Okay, so we do have a lot of questions and we have, you know, it was a kind of like a high level, you know, talk about a lot of the philosophy that, you know, you have around, you know, this sort of change. And I think a lot of the questions reflect that as well, a lot of like really high level questions which I think is good.
So let me start with the most upvoted by far question, which is is there anything more that you can already tell about the Remix brand in the future now that Remix, as it exists today, is swallowed by React router? Yeah so there's another aspect to why we wanted to make this move. I didn't include it in the talk because what I like is that you don't need to have this context for this move to make sense. But this, one of the big drivers was we were already exploring what the next generation of Remix is. And some of these early explorations that are actually quite far along, it's effectively a different framework.
And it's such a, it was such a big change. But we were still bringing that spirit of backwards compatibility that's always been there with Remix and React router. So we were talking about letting you mount a React, sorry, a Remix v2 app instead of Remix v3. And that's when I was starting to get a little bit nervous because I'm like I don't want us talking about inversion numbers. And so there would already been talk about doing this, but I was the one who actually suggested like maybe the cleanest way to make this kind of move is to say let's take Remix as it exists today and move it over to React router. And then that frees up the Remix brand to sort of live side by side even into the future.
So it's about, it's really about decoupling the two philosophies. And that made perfect sense because as I said, if Remix is effectively React router, the framework, it's like it's going back home to where it really belongs in the long term.
Yeah. So Michael and Ryan have been the ones most closely working on it while we do a lot of the work on Remix as it is today and React router. But the goal is once the dust has settled on the React router v7 release for us to, as a team, start to put a bit more focus on that next gen version of Remix. But as of right now, it's not something I'm super close to.
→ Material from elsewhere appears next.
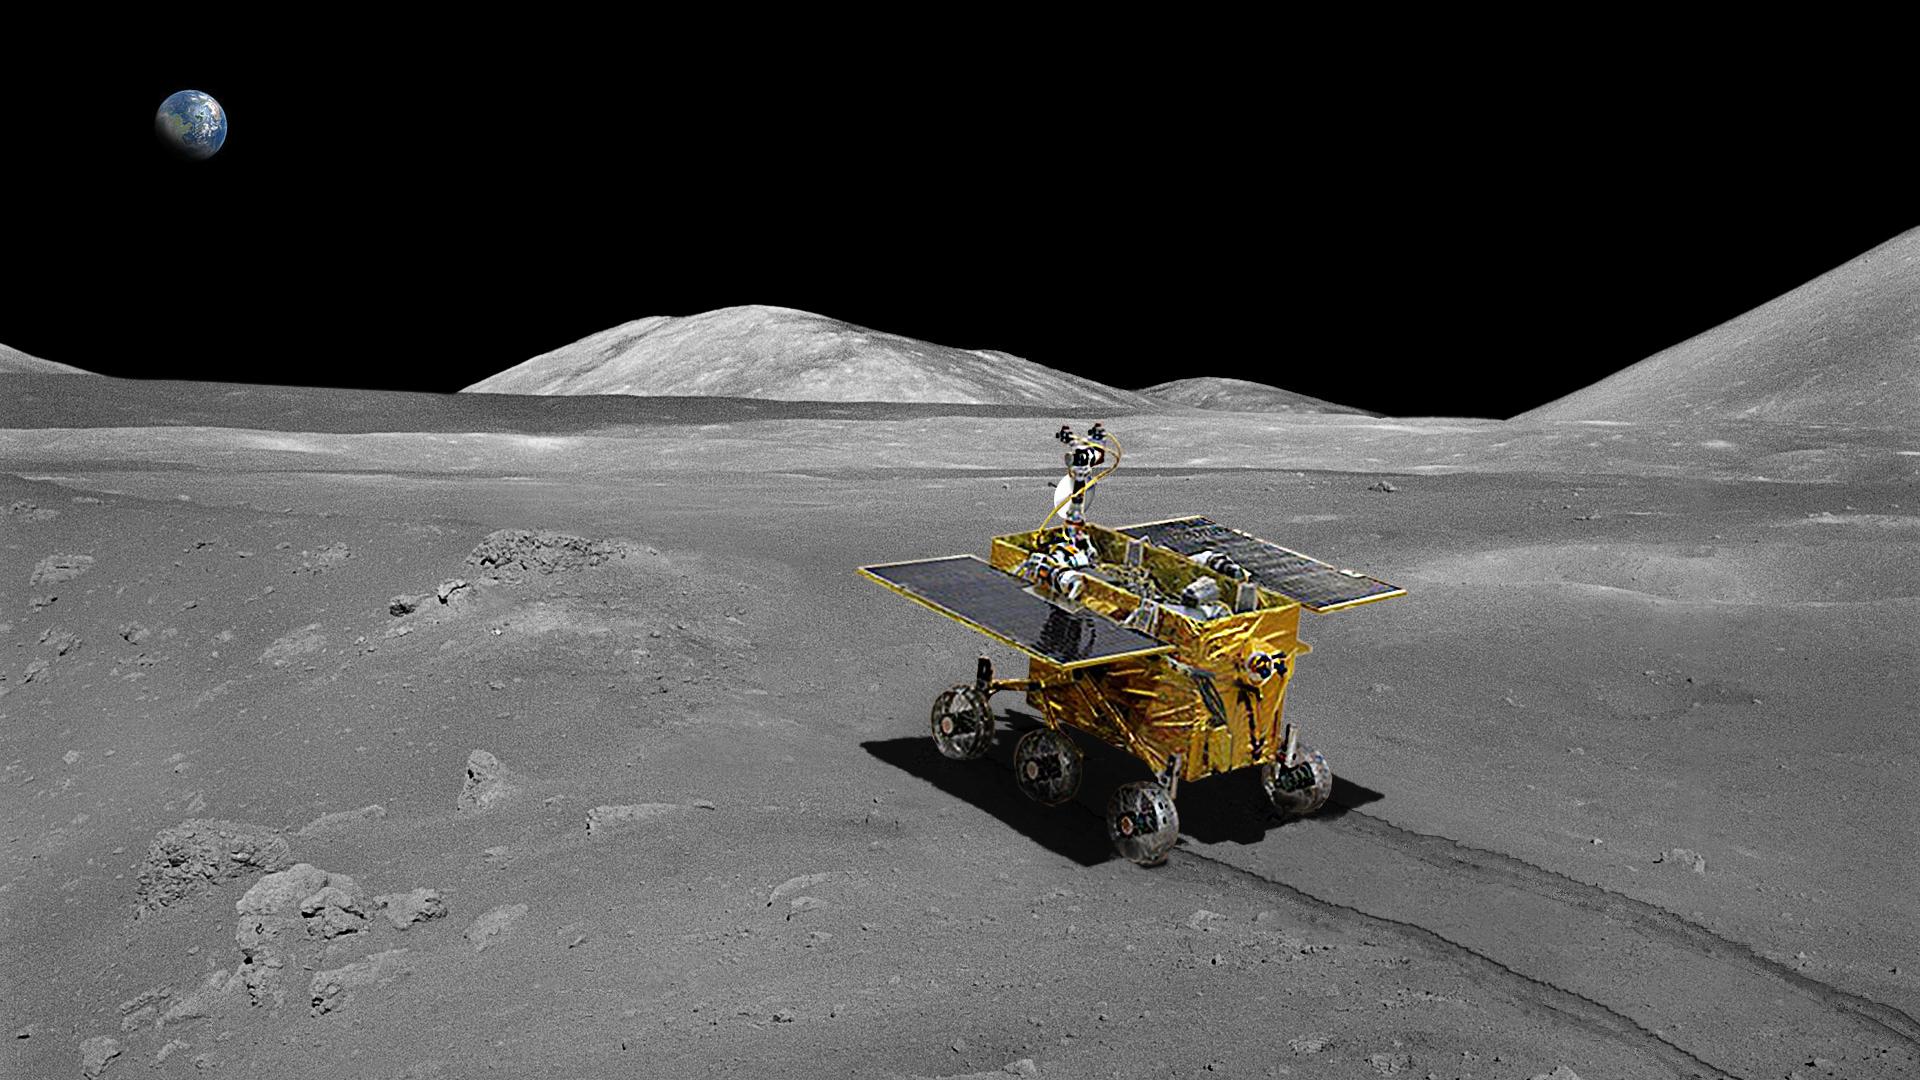 паспарту вся фото лунохода на луне может

Yeah. I mean, when I was like listening to the presentation, I think it was really delightful to kind of like hear the reasoning that seemed to come from a like a purely sort of like what makes sense perspective, right? Like a lot of, you know, frameworks these days are, you know, sort of also companies, you know, like, and they have sort of like a need to also sort of do things for kind of like a branding and packaging and molting and, you know, all those kinds of things. But this seems like a movement towards like a more sort of pure open source, like here, here's all the functionality and we have no claim to the sort of IP of it in a way. Is that also your sort of read on it or?
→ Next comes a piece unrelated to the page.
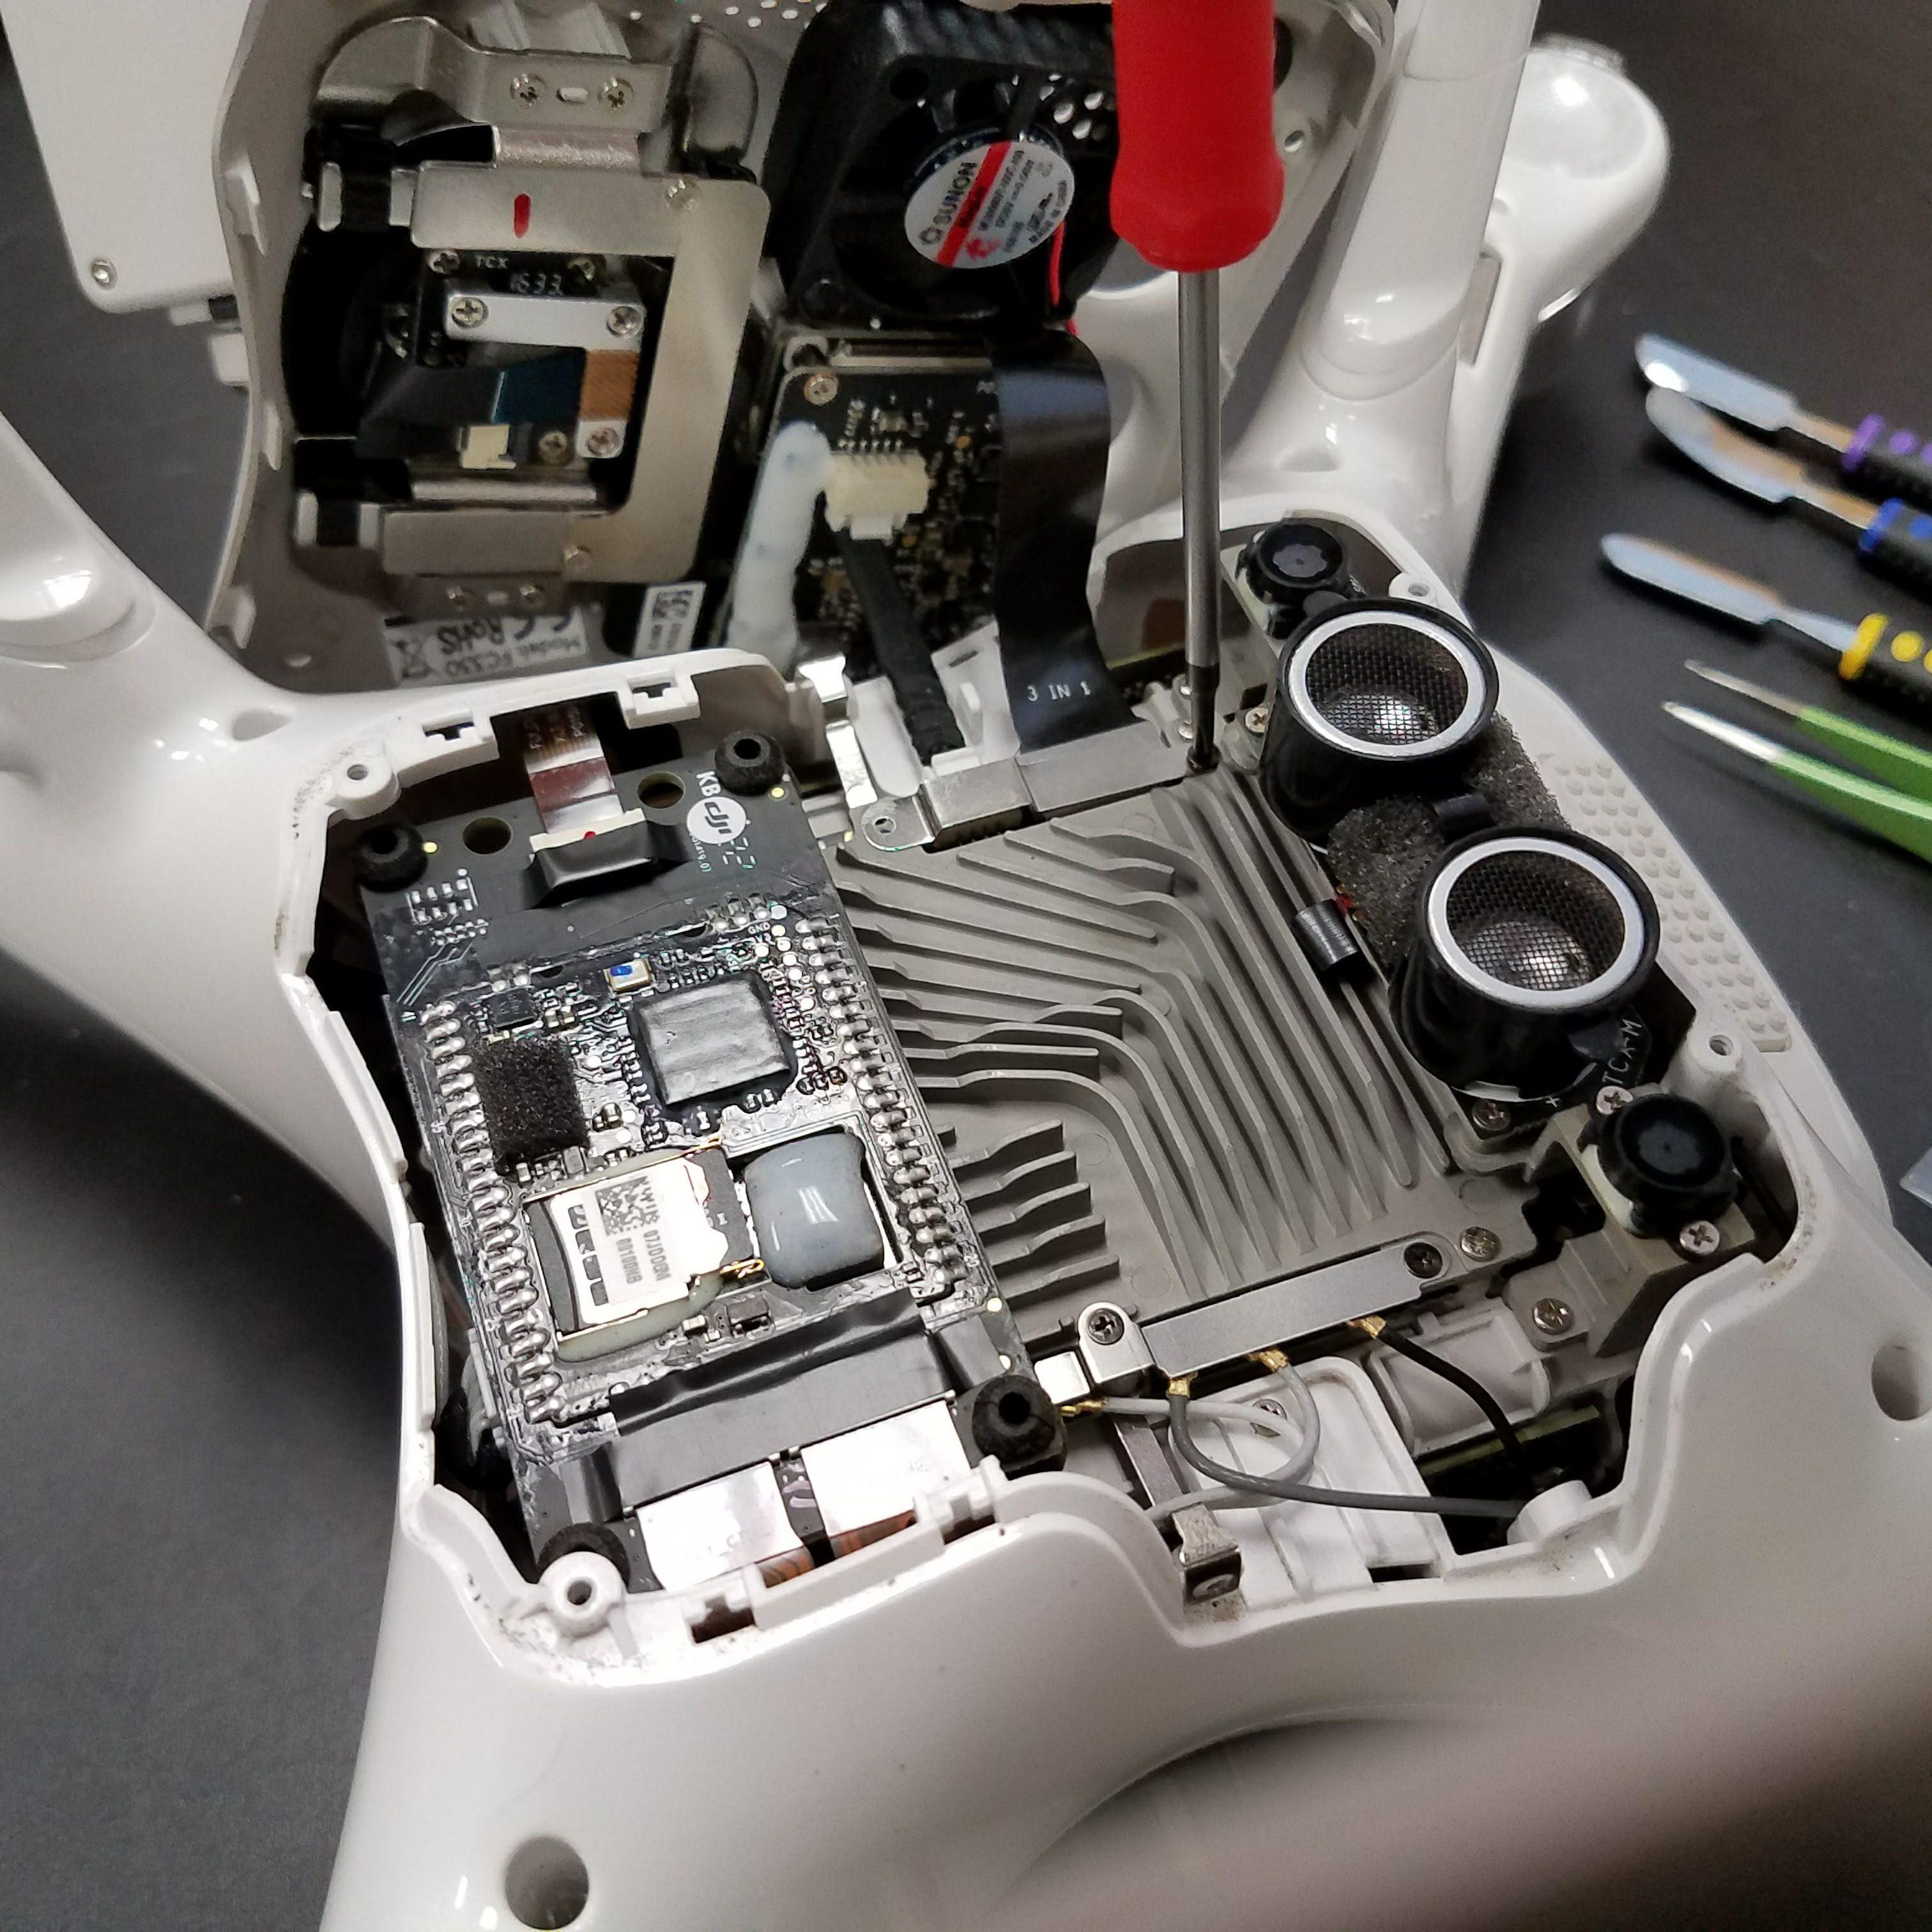 Drone Repair & Upgrades. All DJI drone repairs

Yeah. I mean, what I like about the Remix team working on it and is there's always been such a focus on simplicity and removing things and that always happened to me when I put my own work forward, like the Routes TS work that I showed before. That's something I worked on where a lot of my early work was, you know, adding these layers of abstraction and indirection, because I'm like, we might want to support this in the future and support that. And Michael and Ryan are much more in the camp of like, if we don't need it, let's not add it yet. Let's focus on keeping things as simple as possible.